- Theatrical release poster
- Directed by: Richard Correll
- Screenplay by: Steven Long Mitchell Craig W. Van Sickle
- Story by: Steven Long Mitchell Craig W. Van Sickle Wink Roberts
- Produced by: Paul Maslansky
- Starring: Roger Rose; Yvette Nipar; Ray Walston; Martin Mull;
- Cinematography: John M. Stephens
- Edited by: Scott K. Wallace
- Music by: Bruce Miller
- Production company: Epic Productions
- Distributed by: Triumph Films
- Release date: January 12, 1990;
- Running time: 91 minutes
- Country: United States
- Language: English
- Box office: $8.5 million

= Ski Patrol (1990 film) =

Ski Patrol is a 1990 American comedy film directed by Richard Correll and starring Roger Rose, Yvette Nipar, Paul Feig, T. K. Carter, Leslie Jordan, George Lopez, Ray Walston, and Martin Mull.

==Synopsis==
The film tells about some ski school instructors who ally with an evil land developer to try to sabotage the ski patrol and convince the Forest Service to cancel the owner's lease on the ski area. At the end, though, the leader of the Forest Service recognizes the evil ski school's scheme and everything backfires.

==Cast==
- Roger Rose as Jerry Cramer
- Yvette Nipar as Ellen
- T.K. Carter as Iceman
- Leslie Jordan as Murray, director of the operation
- Paul Feig as Stanley
- Sean Gregory Sullivan as Suicide, a "heavy metal rocker" harassing skiers
- Tess Foltyn as Tiana
- George Lopez as Eddie Martinez
- Corby Timbrook as Lance Finkmayer
- Steve Hytner as Myron
- Ray Walston as Pops
- Martin Mull as Sam Maris, a "mean, cocktail-swigging developer"
- Rascal as Dumpster (the Bulldog)
- Deborah Rose as Inspector Edna Crabitz

The film was Lopez's first. In an interview quoted by Associated Press, he bemoaned the lack of roles for Hispanics, particularly in sitcoms.

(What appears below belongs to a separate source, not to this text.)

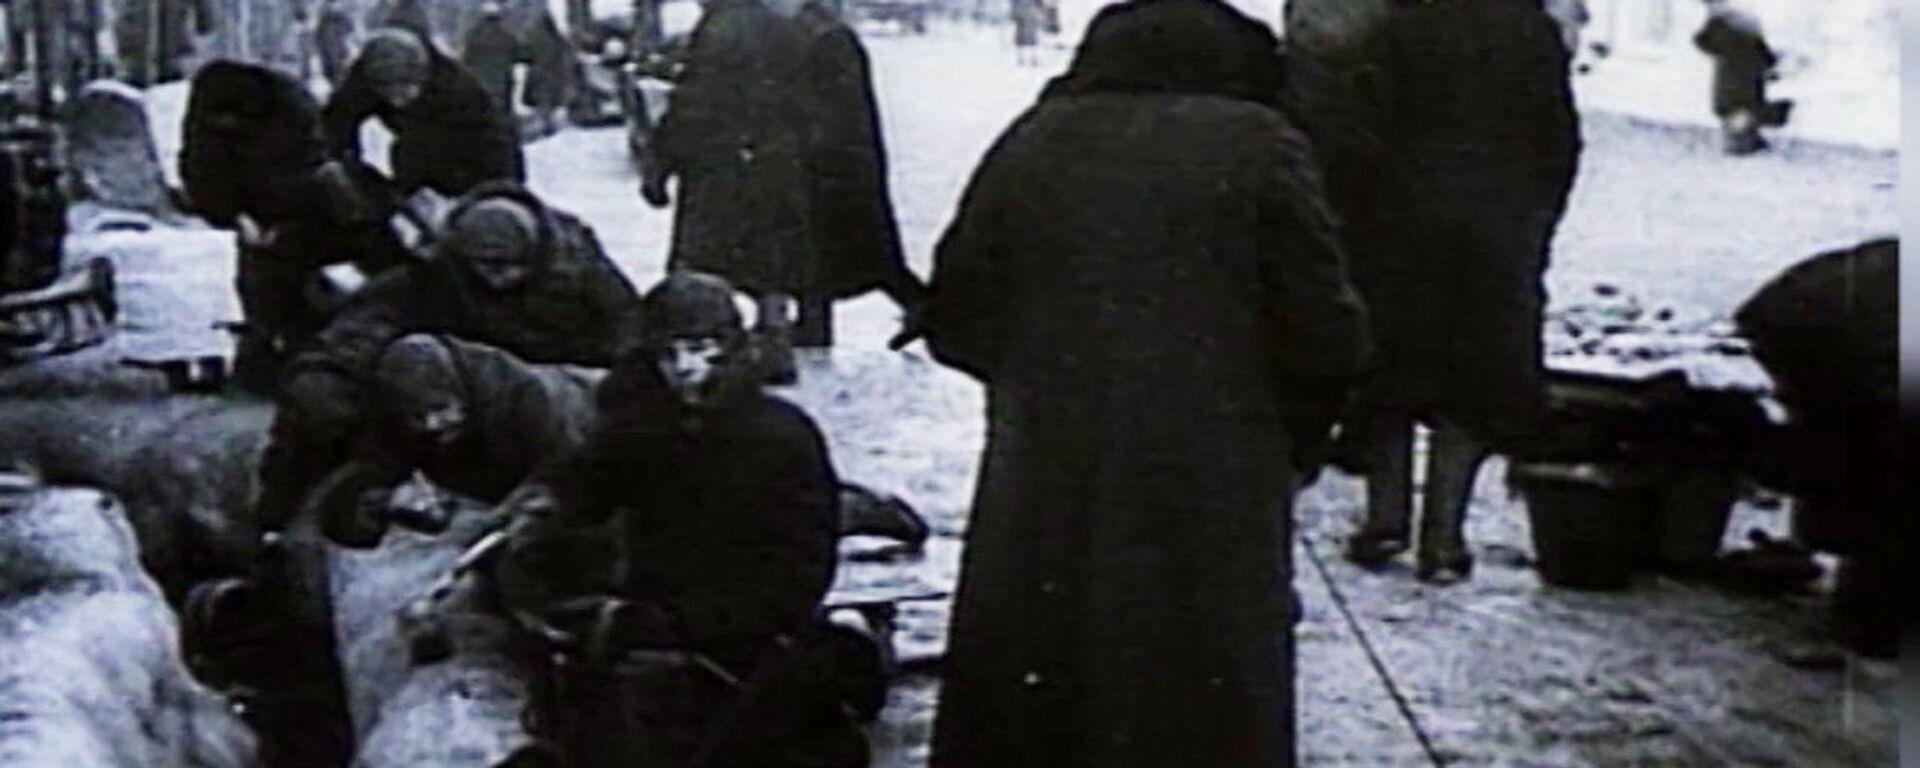 Начало блокады Ленинграда - Sputnik Узбекистан, 1920, 27.01.2021

During filming, Mull was offered the sitcom His & Hers. In an interview for the series with Associated Press, he claimed he and Ray Walston were the only actors over 21 working on the movie; although this was not true.

==Production==
Locations included Park City and Snowbird, Utah.

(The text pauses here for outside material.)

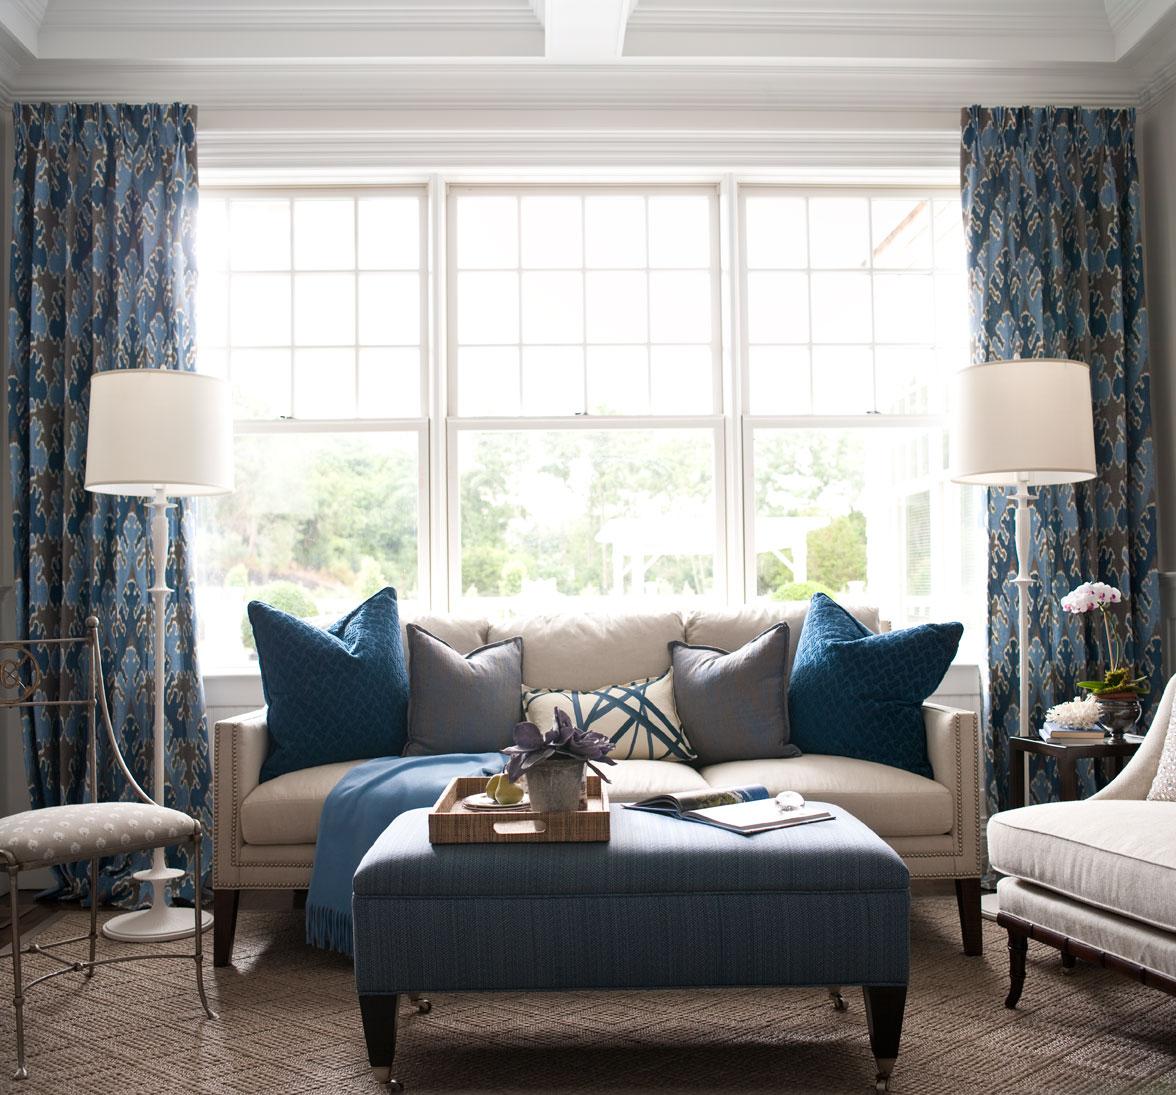 Top Long Island Interior Designer Kate Singer

The inclusion of snowboarding was considered novel at the time, with at least one critic explaining "for the uninitiated," it held "a small place in movie history."

==Marketing==
The film tagline was "A Comedy with Flakes".

==Reception==
Toronto Star critic Peter Goddard said that the film was predictable — "the average age in the crowd is about 19; the average age of the jokes is about 70" — and "pretty lame," but ultimately satisfied the crowd.

At least in Toronto, the distributor didn't offer an advance screening of the film for critics, and didn't have a press pack about the production. This surprised the critic, who compared it to Police Academy, which had grossed $500 million.